Hi there, great work on this paper!

I was just trying to run some of the code to understand your full pipeline and I was able to "Train Diffusion-LM" using the scripts/run_train.py under improved-diffusion. However, the next utility scripts/batch_decode.py has a series of paths like predictability/diff_models/... which I'm pretty sure were all local paths during dev, as the code is unable to pull them from huggingface model hub. The issue occurs after generation, when scripts/ppl_under_ar.py is launched. It can't get this model from the hub https://huggingface.co/predictability/diff_models/e2e-tgt_e=15_b=20_m=gpt2_wikitext-103-raw-v1_101_None/resolve/main/config.json

My understanding is that ppl_under_ar.py is supposed to use your "teacher LM (i.e., a carefully fine-tuned GPT-2 model)" to asses the generation quality of the diffusion model trained by scripts/run_train.py (my trained diffusion model is at Diffusion-LM/improved-diffusion/diffusion_models/diff_e2e-tgt_block_rand16_transformer_lr0.0001_0.0_2000_sqrt_Lsimple_h128_s2_d0.1_sd102_xstart_e2e)

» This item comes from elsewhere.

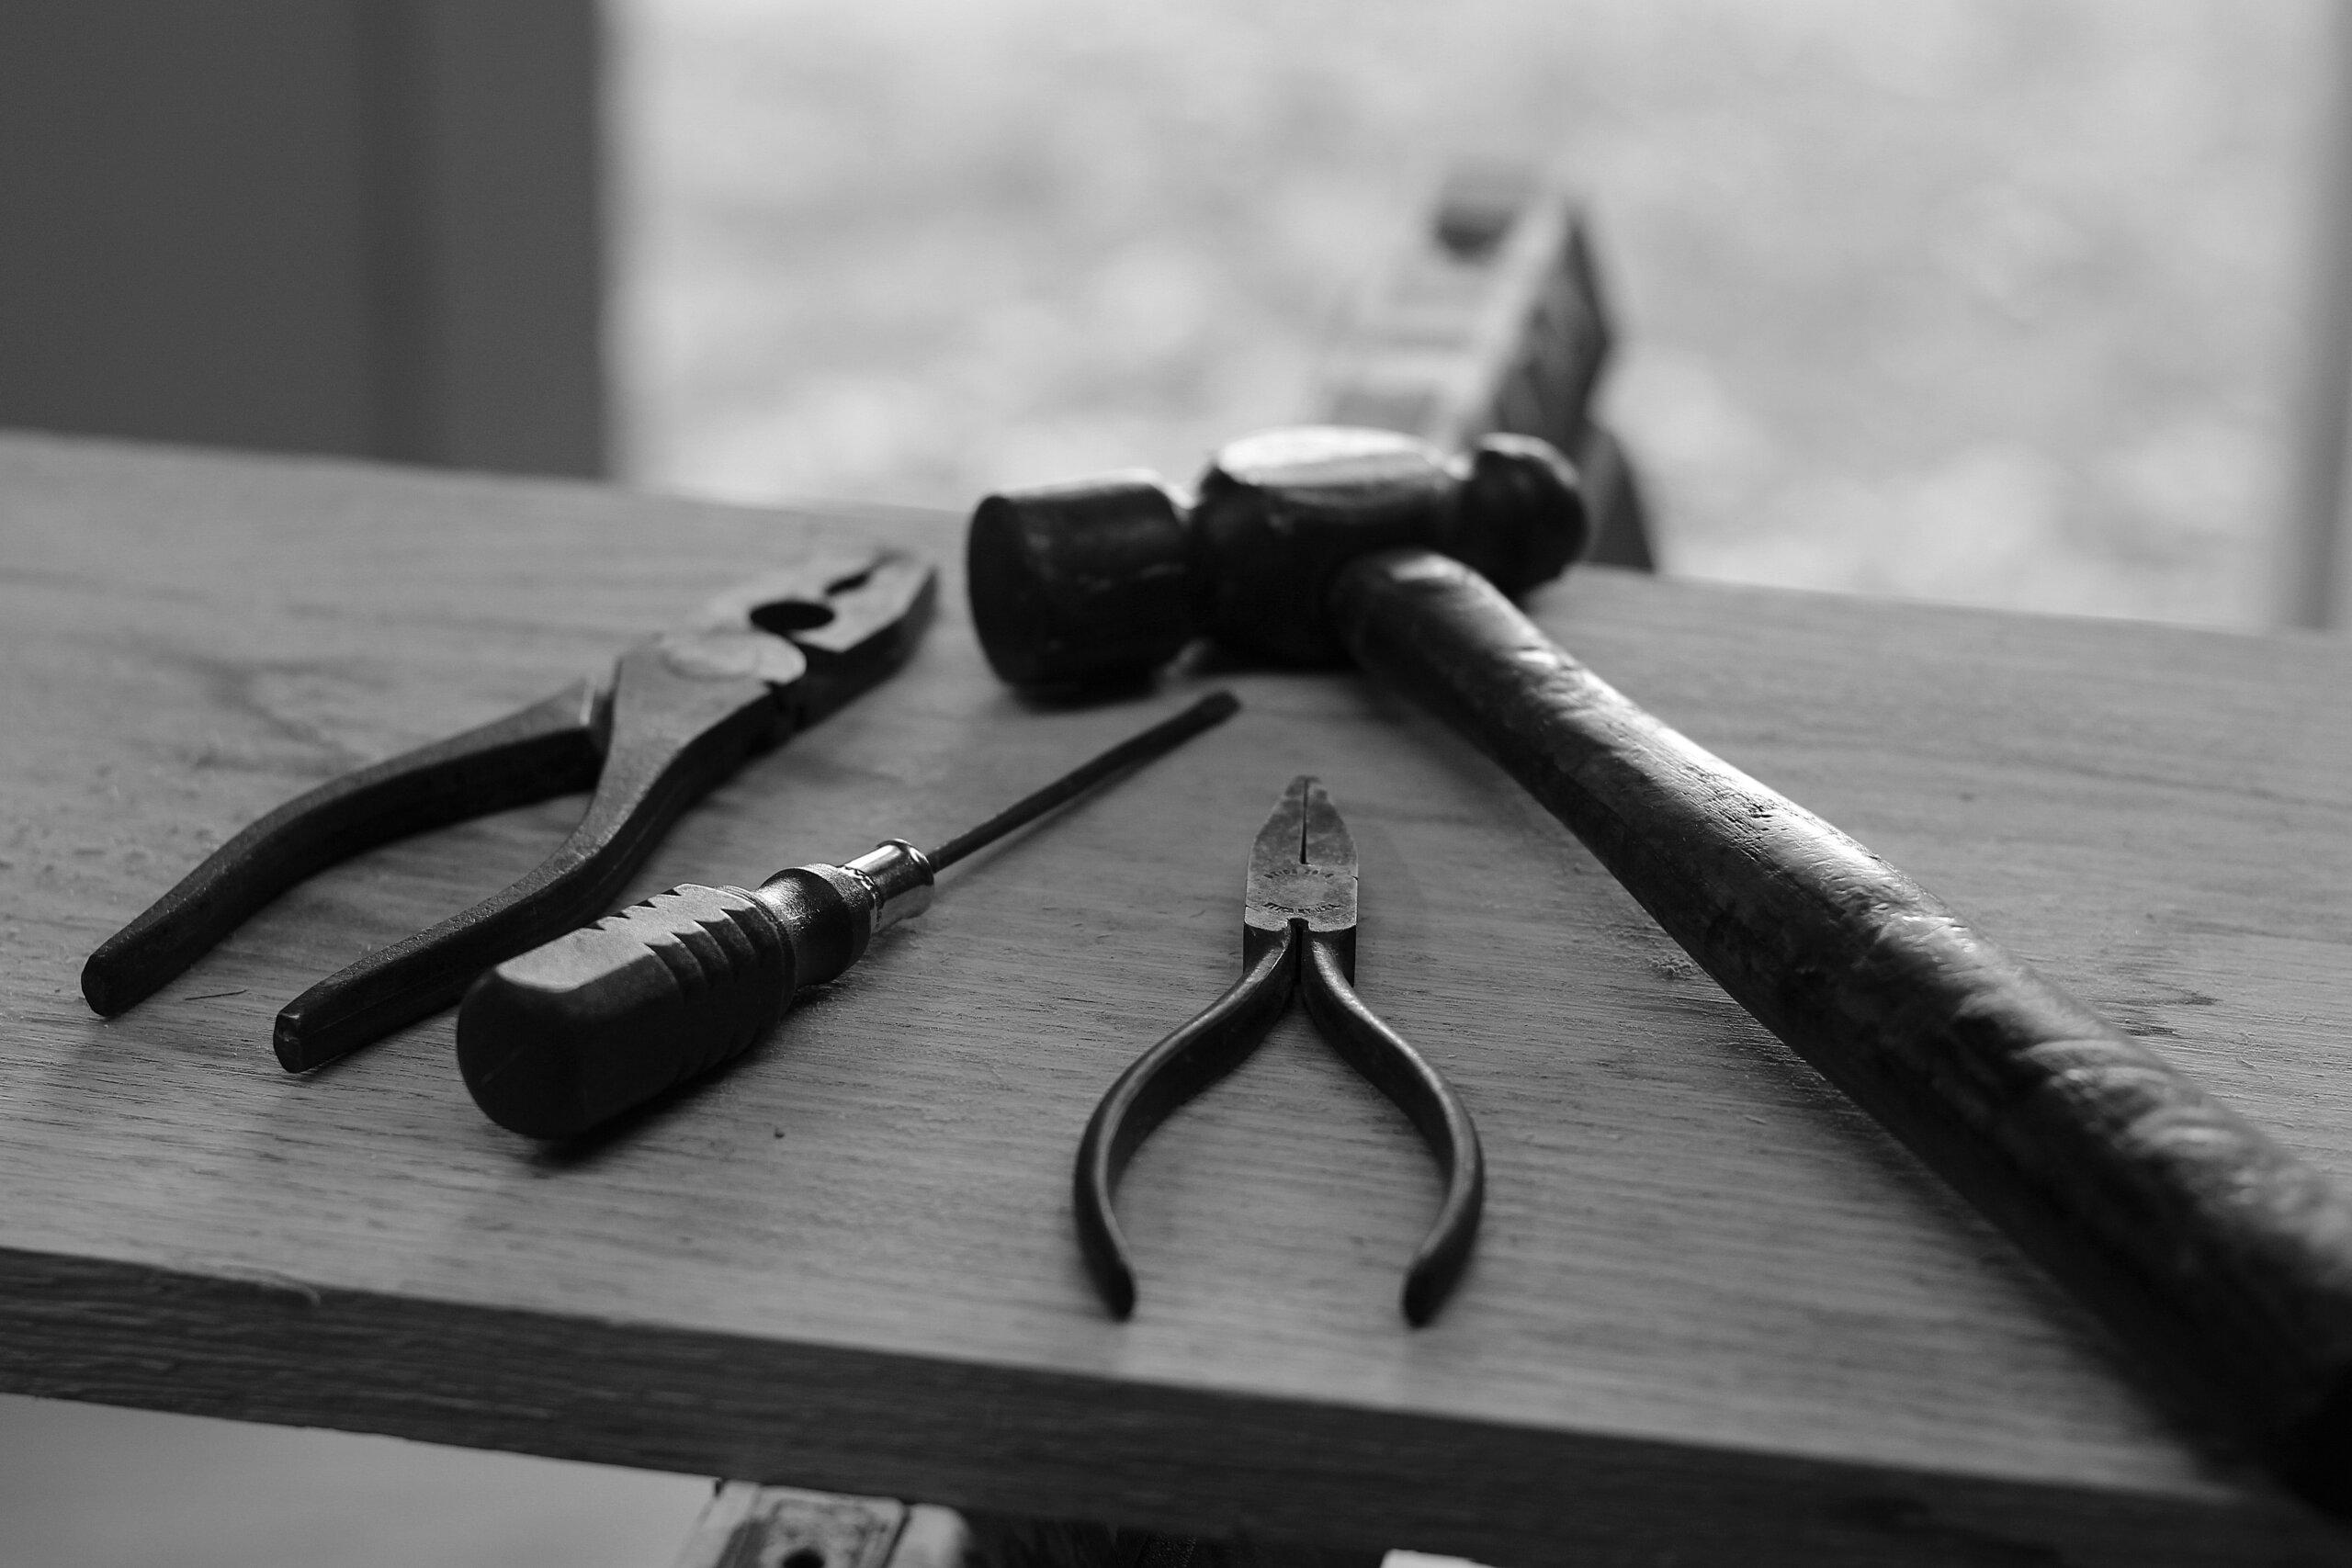 DIY Dumbwaiters: Most Common Pitfalls

I assume that you used your modified run_clm.py at Diffusion-LM/transformers/examples/pytorch/language-modeling to finetune a GPT-2 model for the task of measuring perplexity of the generated samples. Is this correct? And as such, one could use any ARLM, they just won't get the same perplexities/"lm-scores" you reported?

Thanks for helping clarify how the components work and what models are available for download (if any).

PS ... what are the various custom subclass models for? and why the "compression"? I can't really match this ideas or these models perfectly to the paper : {GPT2LMHeadModelCompress, BERTModelCompress, AutoEncoderWithNoise, AR_for_cont, GPT2VAE }. Is the compression/down projection your way of enabling the model to diffuse in a reduced dim space?

XiangLi1999 commented 2 years ago

Hi,

Thanks for reading the paper and code in depth!

right, those models that I used for evaluating lm-score are local, and not public on Huggingface. Your understanding is right, they are the teacher-lm.

Correct, you can use the run_clm.py to finetune your own AR model and evaluate perplexity of generated samples. You will likely get the same trend, but probably not the exact lm-score number.

I can look for the AR teacher-lm models and put them on a google drive [TODO], if needed.

The subclass are part of the preliminary experiment, not mentioned in the paper. I tried those as an alternative Embeddng function, as opposed to the final proposed "end-to-end training objective" in the paper. You can safely ignore these classes...

Best, Lisa

jwkirchenbauer commented 2 years ago

Awesome! I'll be on the lookout for those model checkpoints used for lm-score, in case you get a chance to push them up.